Les futures maternelles 4 ans échapperaient à la loi 101

À l'issue d'une allocution devant les membres de la Chambre de commerce du Montréal métropolitain, vendredi, Mme Malavoy a rappelé que la maternelle 5 ans échappe déjà à ces contraintes puisque, comme pour les services de garde, l'accès y est libre.
Photo: Jacques Nadeau - Le Devoir À l'issue d'une allocution devant les membres de la Chambre de commerce du Montréal métropolitain, vendredi, Mme Malavoy a rappelé que la maternelle 5 ans échappe déjà à ces contraintes puisque, comme pour les services de garde, l'accès y est libre.

La ministre de l'Éducation, Marie Malavoy, laisse entendre que la maternelle 4 ans, qui commencera à être implantée progressivement en septembre prochain, ne sera pas soumise aux contraintes de la loi 101.

À l'issue d'une allocution devant les membres de la Chambre de commerce du Montréal métropolitain, vendredi, Mme Malavoy a rappelé que la maternelle 5 ans échappe déjà à ces contraintes puisque, comme pour les services de garde, l'accès y est libre.

«Les maternelles sont des choix de parents qui sont libres. Donc, il n'y a pas d'obligation. Il y a une obligation pour les familles immigrantes d'envoyer leurs enfants à l'école à partir de l'âge de l'obligation scolaire et donc ça, ça demeure», a-t-elle dit.

Question de langue

Cependant, elle est devenue beaucoup plus évasive lorsqu’interrogée sur la possibilité que des parents francophones puissent envoyer leurs enfants à la maternelle 4 ans en anglais.

«Écoutez, je vous parlerai de ces questions-là un peu plus tard, mais pour le moment, retenez surtout que ça s'adresse à des enfants de milieux défavorisés», a dit la ministre.
Elle croit toutefois que les enfants d'immigrants bénéficieront de ce programme pour compléter leurs habiletés en français.

«On pense que pour beaucoup de familles, le fait d'avoir accès, comme ça, à une année charnière, pour compléter ses habiletés en langue française, ça peut aider», a-t-elle dit.

Mme Malavoy a précisé que l'implantation de nouvelles classes de maternelle 4 ans sera réservée aux territoires de clientèles défavorisées afin d'offrir un milieu de socialisation et de stimulation dans un cadre éducatif à des enfants qui n'y ont pas accès, souvent à cause d'une certaine réticence des parents.
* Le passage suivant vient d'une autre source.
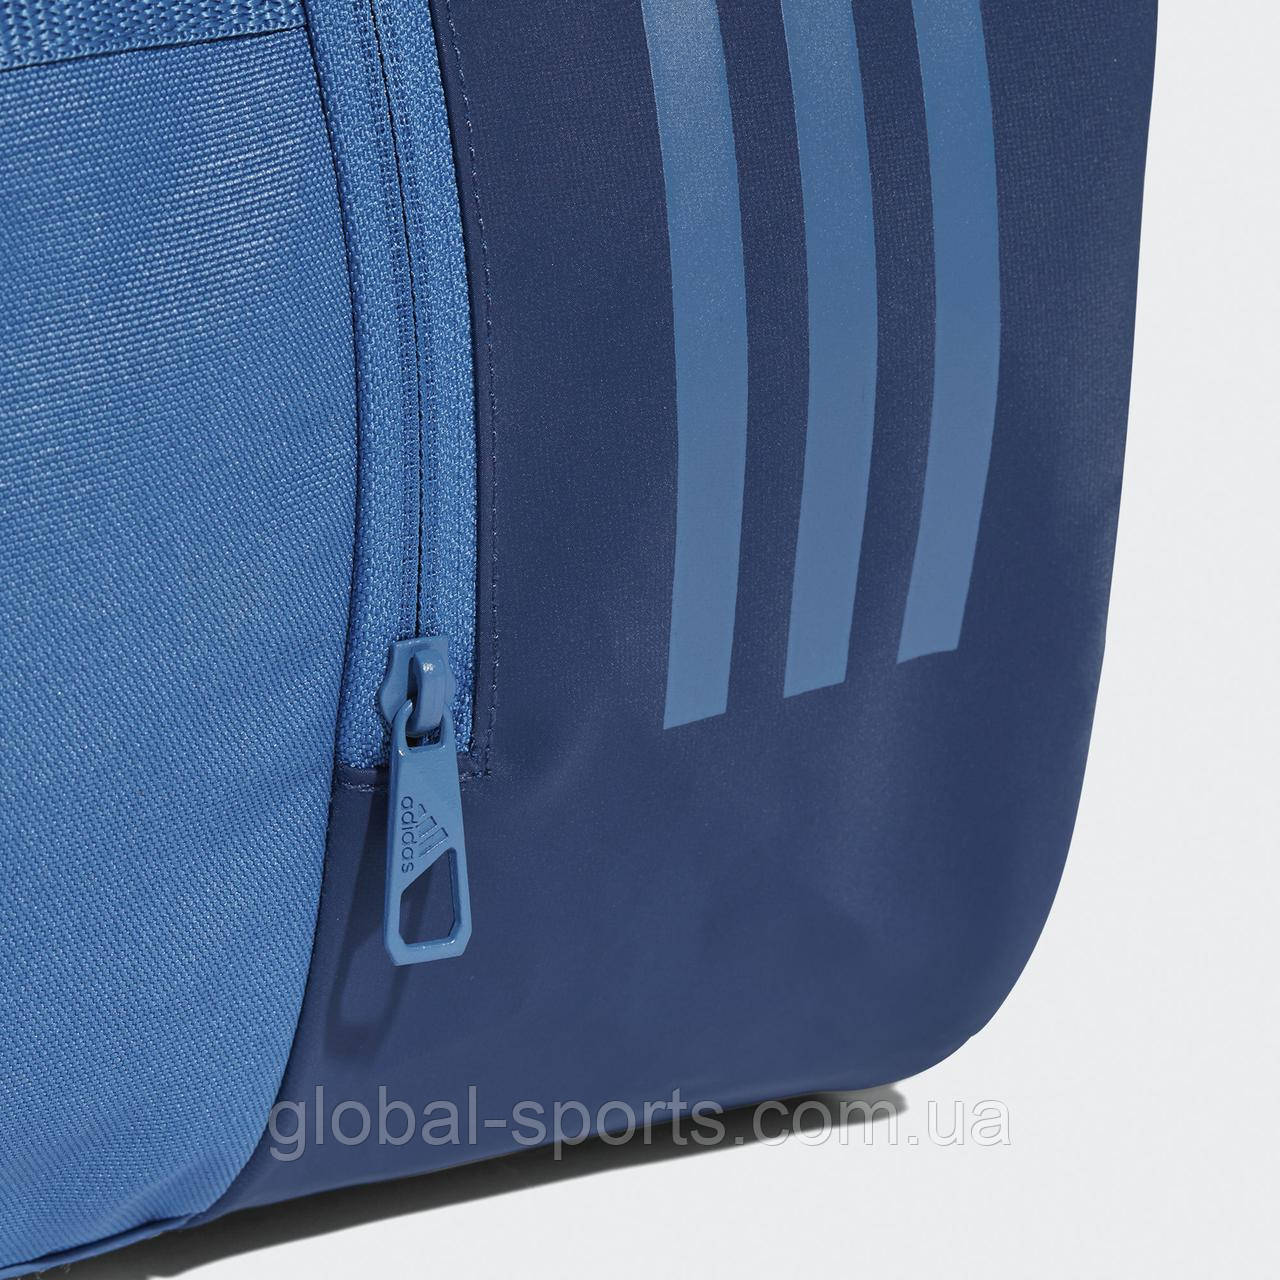 38f261012f8b Спортивная сумка Convertible 3-Stripes(Артикул:CV5077): продажа ...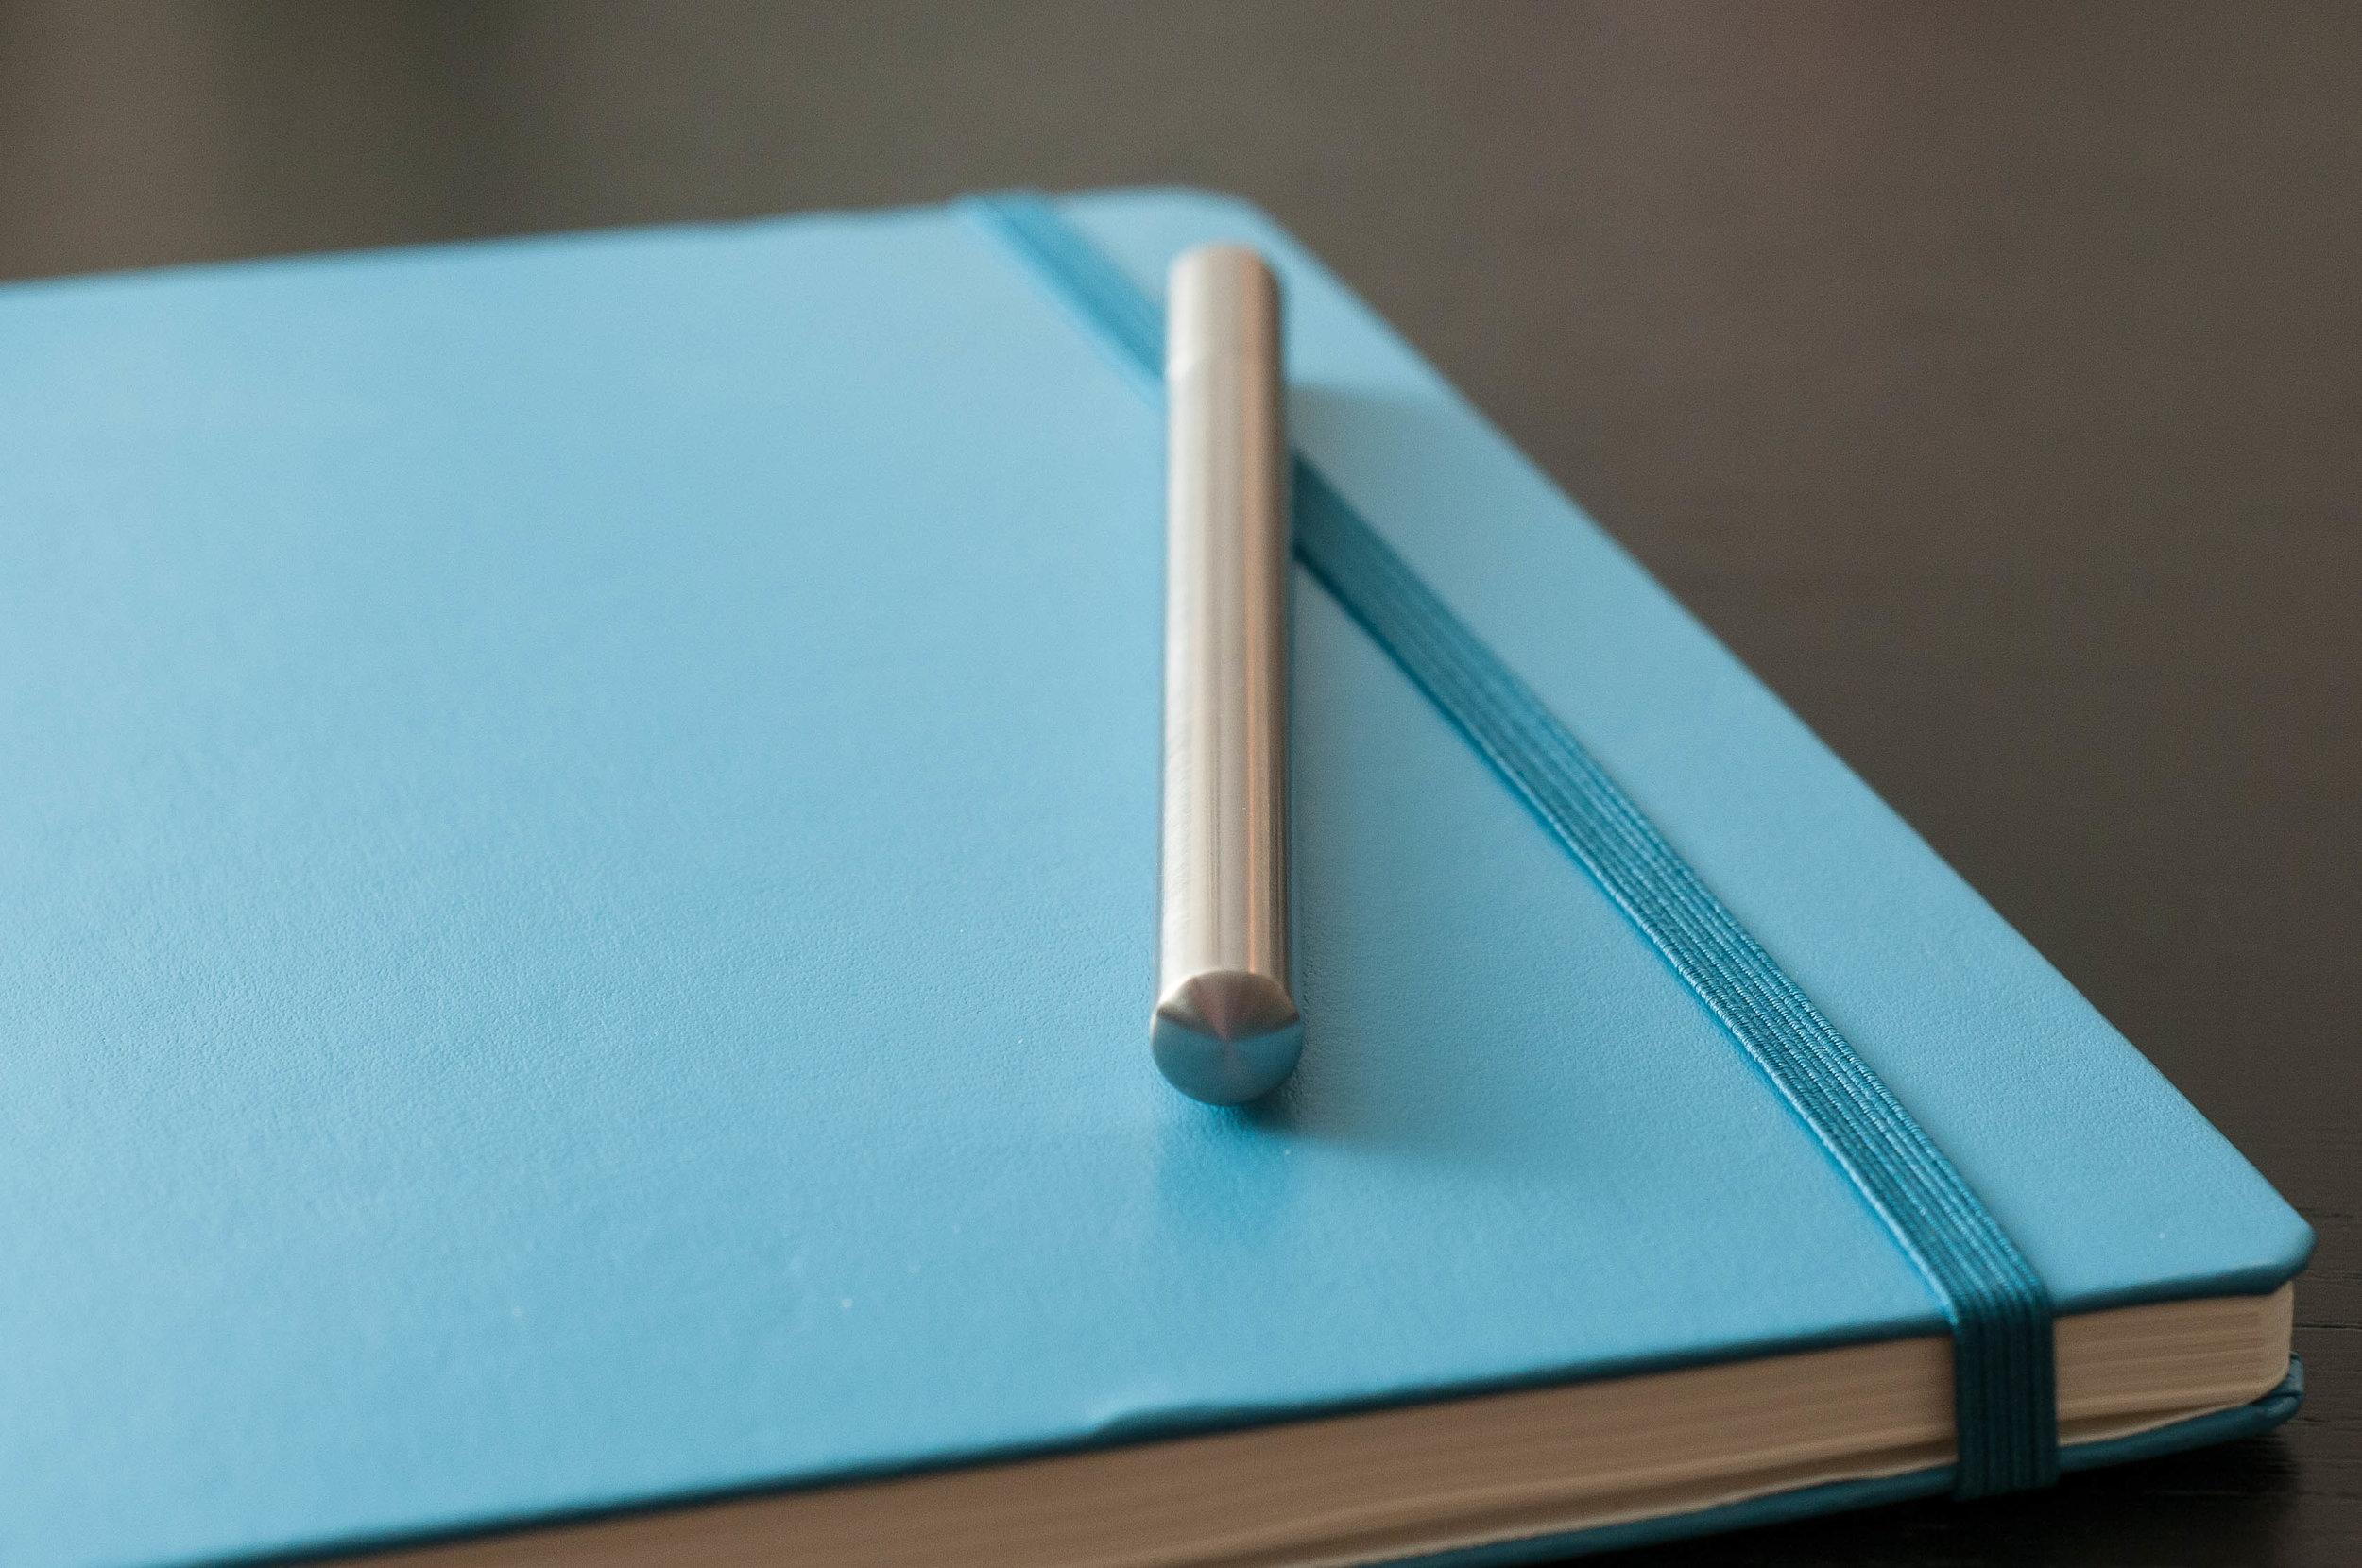 ATELEIA Stainless Steel Pen Review

«Il y a un bon nombre de familles qui ne veulent pas envoyer leur enfant "se faire garder", comme ils disent», a fait valoir la ministre, ajoutant qu'il a été démontré que cette attitude est complètement différente face à la maternelle.

«La résistance que certaines familles peuvent avoir à envoyer leur enfant en service de garde, elles ne l'auront pas pour envoyer leur enfant à l'école. L'école est comme teintée d'un prestige qui fait qu'on accepte plus volontiers d'y envoyer son enfant», a-t-elle dit.
2 commentaires
  • Kevin Gendron - Inscrit 22 février 2013 18 h 23

    Ah bon.

    L'irrespect d'autrui est une chose non viable. Cela est vrai dans toutes les directions et sous n'importe quels aspects. Est-ce que notre société respecte autrui quand elle juge qu'il est nécessaire que tout enfant intègre le système éducatif commun dès l'âge de 4 ans ?

    Il y a une différence entre être respectueux et être idiot.

    Mais bon, jusque là ce n'est pas obligatoire, au moins.

  • Gilles Théberge - Abonné 22 février 2013 21 h 28

    Ça c'est du PQ pur jus...

    Comme d'habitude le PQ flashe à gauche et tourne à droite. Quand t'a pas de courage politique ça donne ça.

    Et ces gens-là disent représenter le peuple québécois et voulir que la langue commune langue d'État fleurisse dans le «pays», sont toujours couchés à terre les quatre pattes en l'air en signe de soumission.

    Étant donné l'obsesssion maladive de plusieurs à la pensée que si leur enfant n'est pas bilingue il gâchera sa vie, imaginez le résultat.